Poetry in the MAA
23rd April 2013 | 0 Comment(s) | Museum of Archaeology and Anthropology
Inspired by an Event in the Cambridge University Museum of Archaeology and Anthropology (MAA): Threshold Poets in Residence present Work in Progress 19th March 2013 – readings from the Poets in Residence in 3 of the 10 University of Cambridge Museums namely, Daljit Nagra at the Museum of Archaeology and Anthropology (MAA), Ann Gray at the Botanic Gardens and Jo Shapcott at The Polar Museum and the young people who had been writing alongside them, all taking their inspiration from the different collections.
I wound my way around the Anthropological galleries of the MAA before the poetry event and found myself drawn towards a long, low display case containing an impressively preserved one-man Inuit kayak. Traditionally only men hunted in these craft. They were made from seal skins scraped and stretched, then dried and sown by a woman, usually the wife of the hunter.
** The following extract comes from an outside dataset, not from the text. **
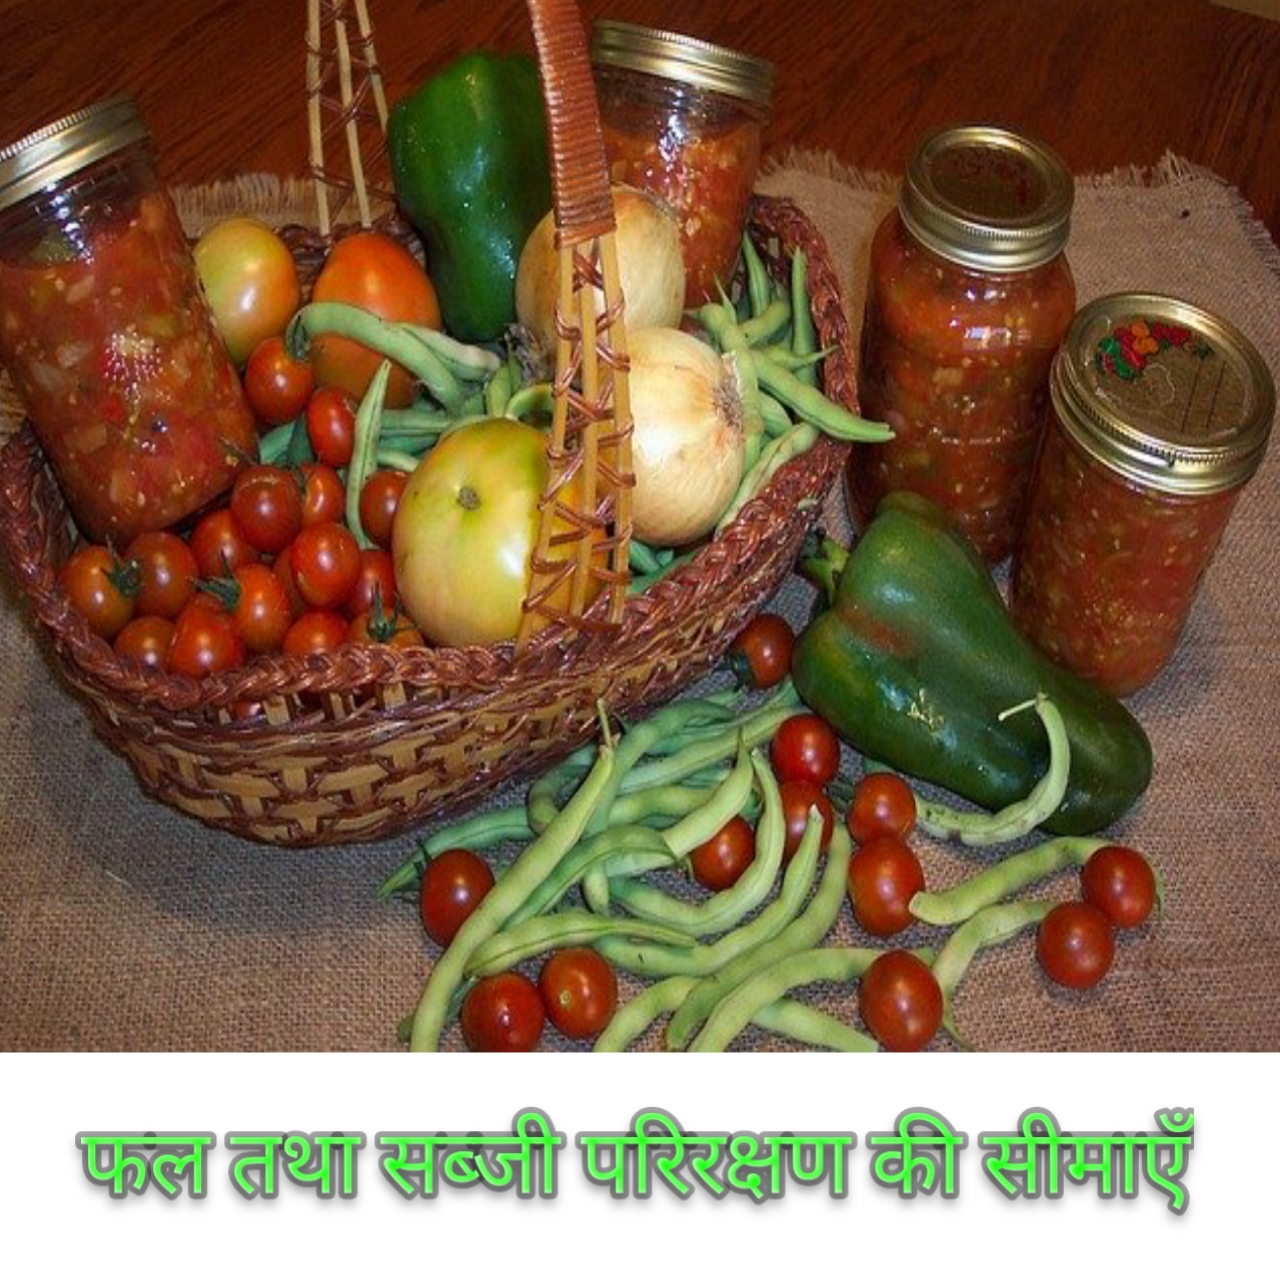 फल तथा सब्जी परिरक्षण की सीमाएँ Limitation of fruit and vegetables preservation
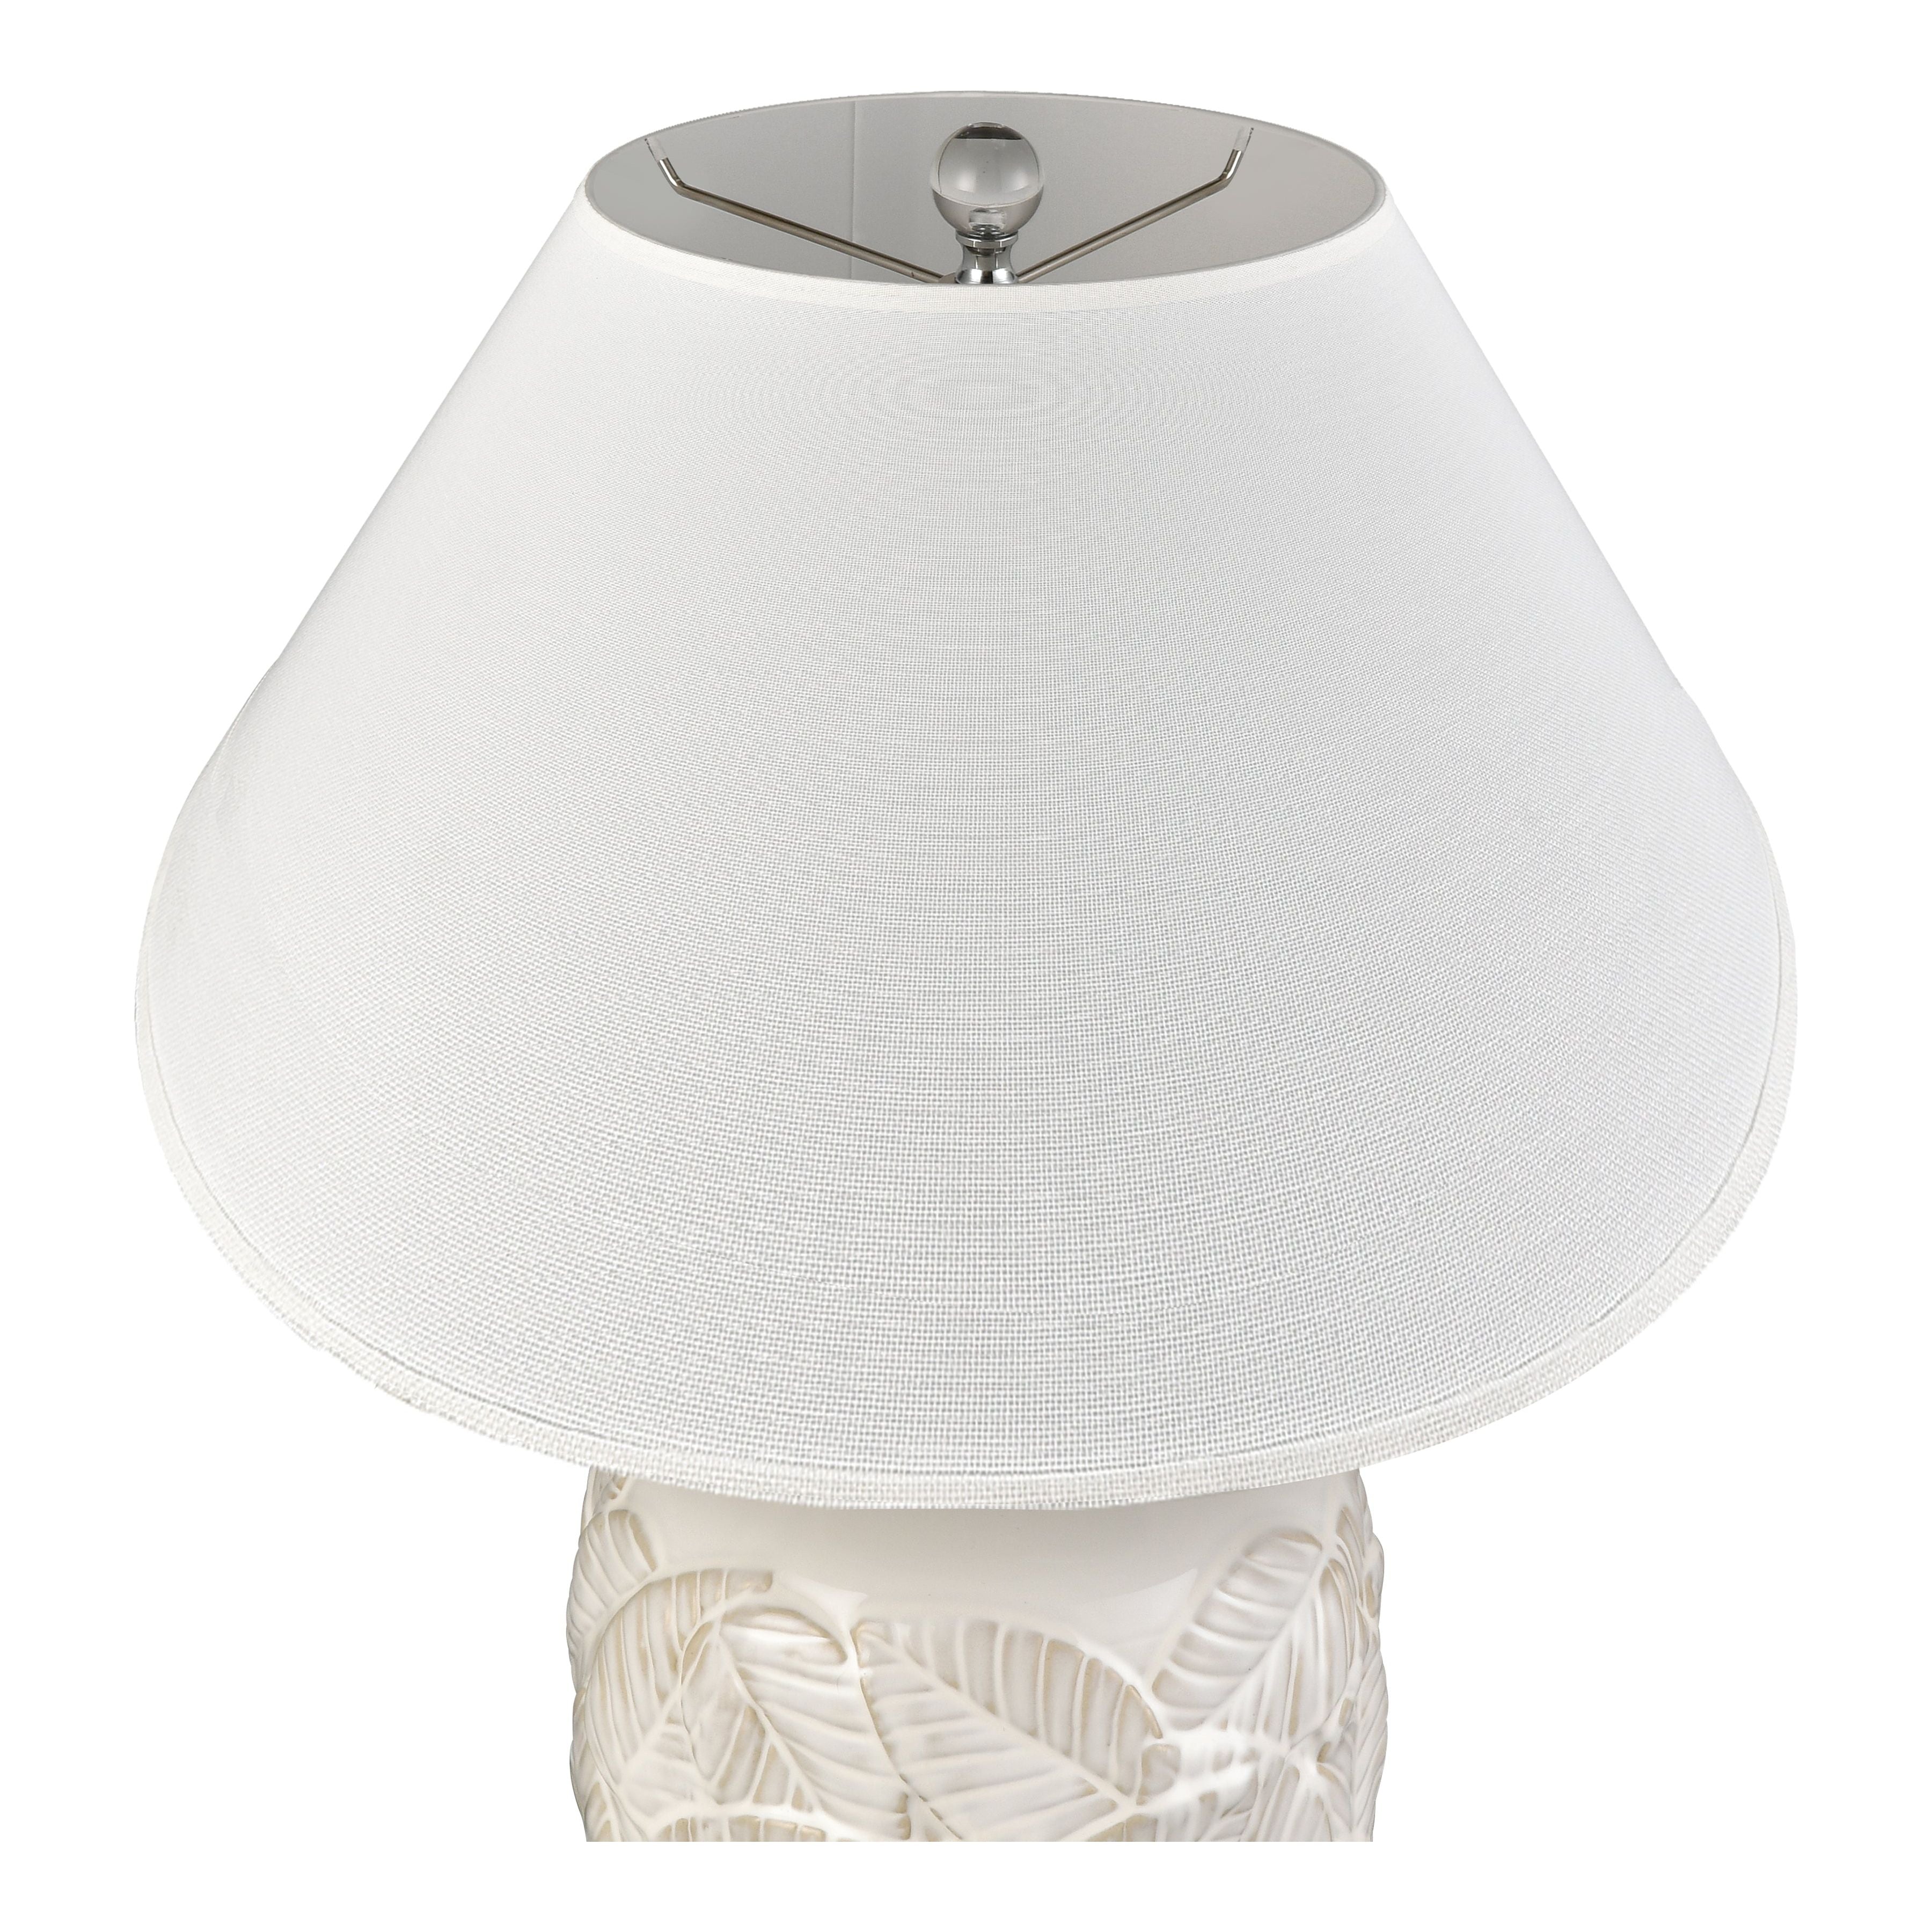 Goodell 27.5" High 1-Light Table Lamp

This particular craft, belonging to a long-dead Inuit family, was used to hunt all manner of sea mammals. Seal, walrus and even the huge bowhead whale whose migrations took them swimming in regal calm up and then down the Arctic Ocean; through its upper reaches, the Chutkin Sea and its lower, the Bering Sea. They swam, dove, surged, whirled, flipped and basked in annual procession around Barrow, Point Hope, Sitka Island, St Lawrence Island, the Aleutians Islands and the whole Gulf of Alaska which comprises the waters between the old Russia to the West and the new American state of Alaska to the East.
The surface of the kayak shows clearly the joins of the animal skins; patterns like cracks on ice, respecting the economy of shape of each skin taken from different sized seals. No fixed geometry but an organic meshing; these joins are beautiful, poignant. The hunter-owner would have recognised each skin he looked at from his round seating-hole lined with thick fur, each kill a memory, an emotion. At least he would have, before the advent of the 5th Disaster of the Inuit.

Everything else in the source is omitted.